Michael revealed to us that the government has published statistics on the amount of people who live in such communities. Their research estimates that about 20 to 30 percent of Havana’s residents live in these areas of the city. However, Michael also told us that his research has led him to believe these statistics are quite inaccurate, and suggests the number is more like 40 to 50 percent. 

Furthermore, a large majority of these communities are made up of black Afro-Cubans. The government’s inability to engage with the problems facing these communities reveals how institutional racism continues to shape the development of Havana in general. Because Los Pocitos receives essentially no assistance from government programs, the community has been forced to organize, build, and lead itself. One of the ways in which Los Pocitos is doing this is through the Afro-Cuban religion of Abakuá.

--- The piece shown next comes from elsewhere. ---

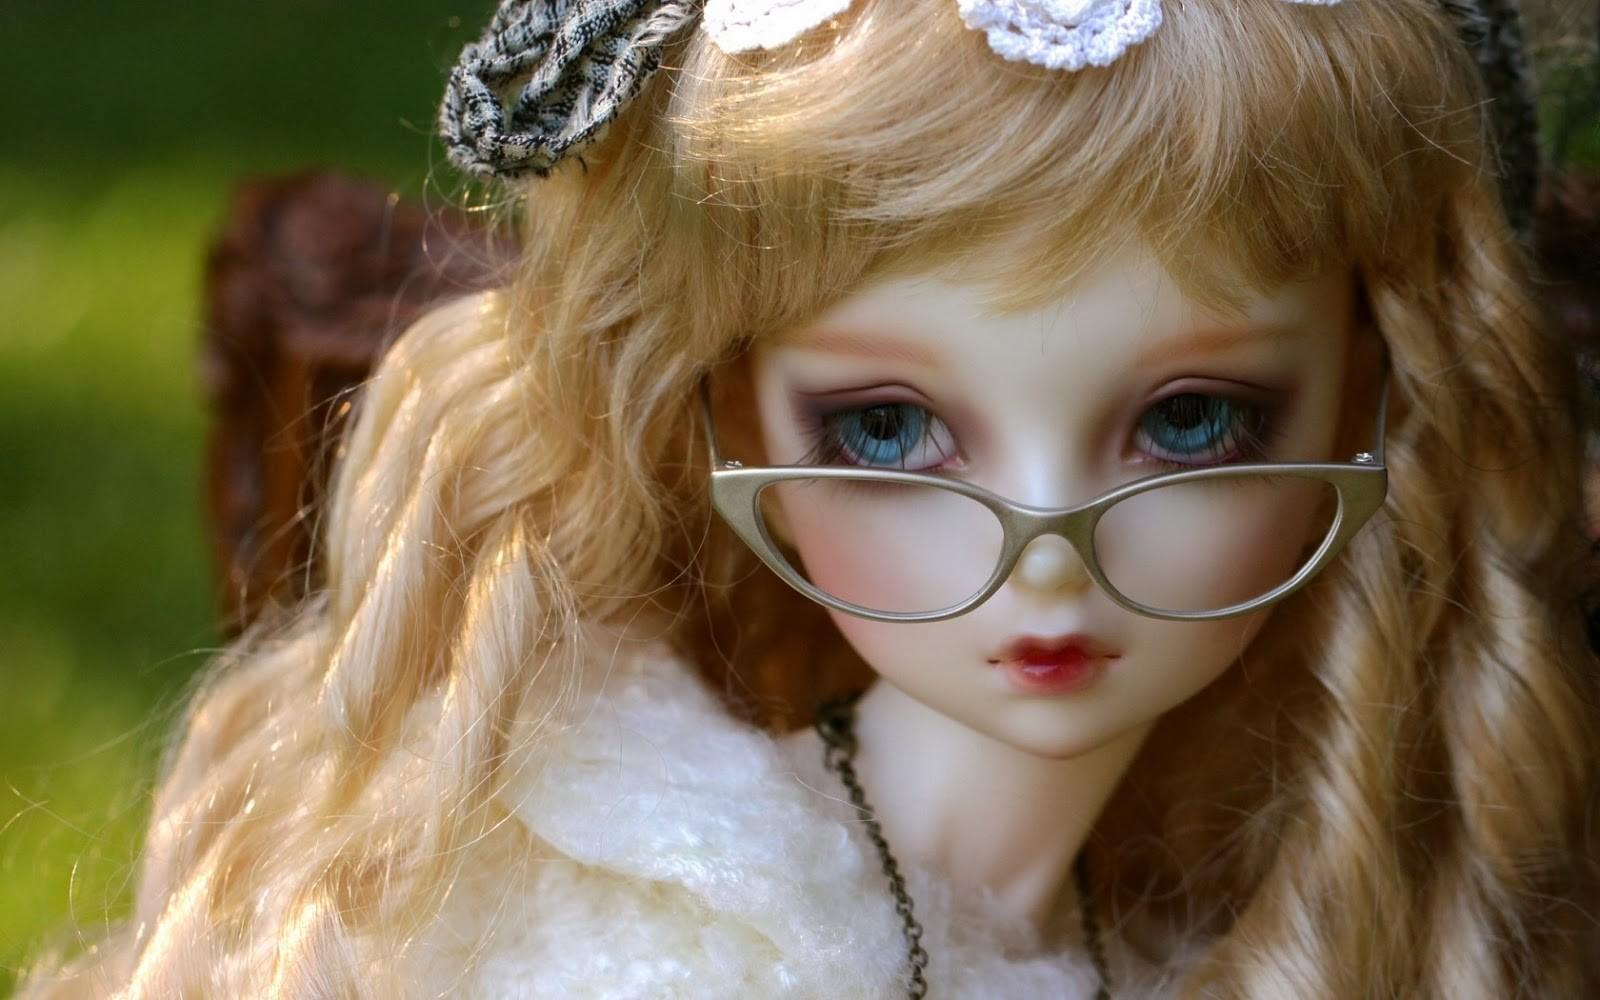 Most Inspiring Wallpaper Love Barbie - eZgLGD  Pic_573977.jpg

Abakuá is a religious men’s society with origins in the religions of ethnic groups from the southeastern part of Nigeria and the southwestern part of Cameroon. However, most of its practitioners now live in Cuba. It developed similarly to the Afro-Cuban religion of Santeria, growing from the traditions of West African slaves who were brought to Cuba to cultivate sugar in the eighteenth and nineteenth centuries. 

While in Los Pocitos, we had the opportunity to speak with an Abakuá priest. He spoke in detail about the importance of Abakuá in the history of Afro-Cubans and in the present-day development and community organizing in Los Pocitos.

The ceremonies are defined by men dressed in suits, made by community artists, each suit serving its own spiritual purpose. The men hold brooms and a staff: the broom to cleanse the members of evil, and the staff to curse away the enemies of the society.

Abakuá was once known to be a secret society. Its traditions were kept secret from white men for over 160 years, and until recently, white men were prevented from participating. Abakuá relies on Afro-Cuban dance, Bantu/Congolese music, and Yoruba languages. Abakuá rituals and ceremonies were historically anti-colonial and anti-slavery. Their prevalence today suggests a similar spiritual motivation, an anti-racism, anti-discrimination message.

The prevalence of Abakuá in Los Pocitos has been a form of spiritual tradition through which the community finds empowerment. As the community continues to face developmental hardships, Abakuá will be a means through which they can solidify community ties that trace back to the histories of their West African ancestors.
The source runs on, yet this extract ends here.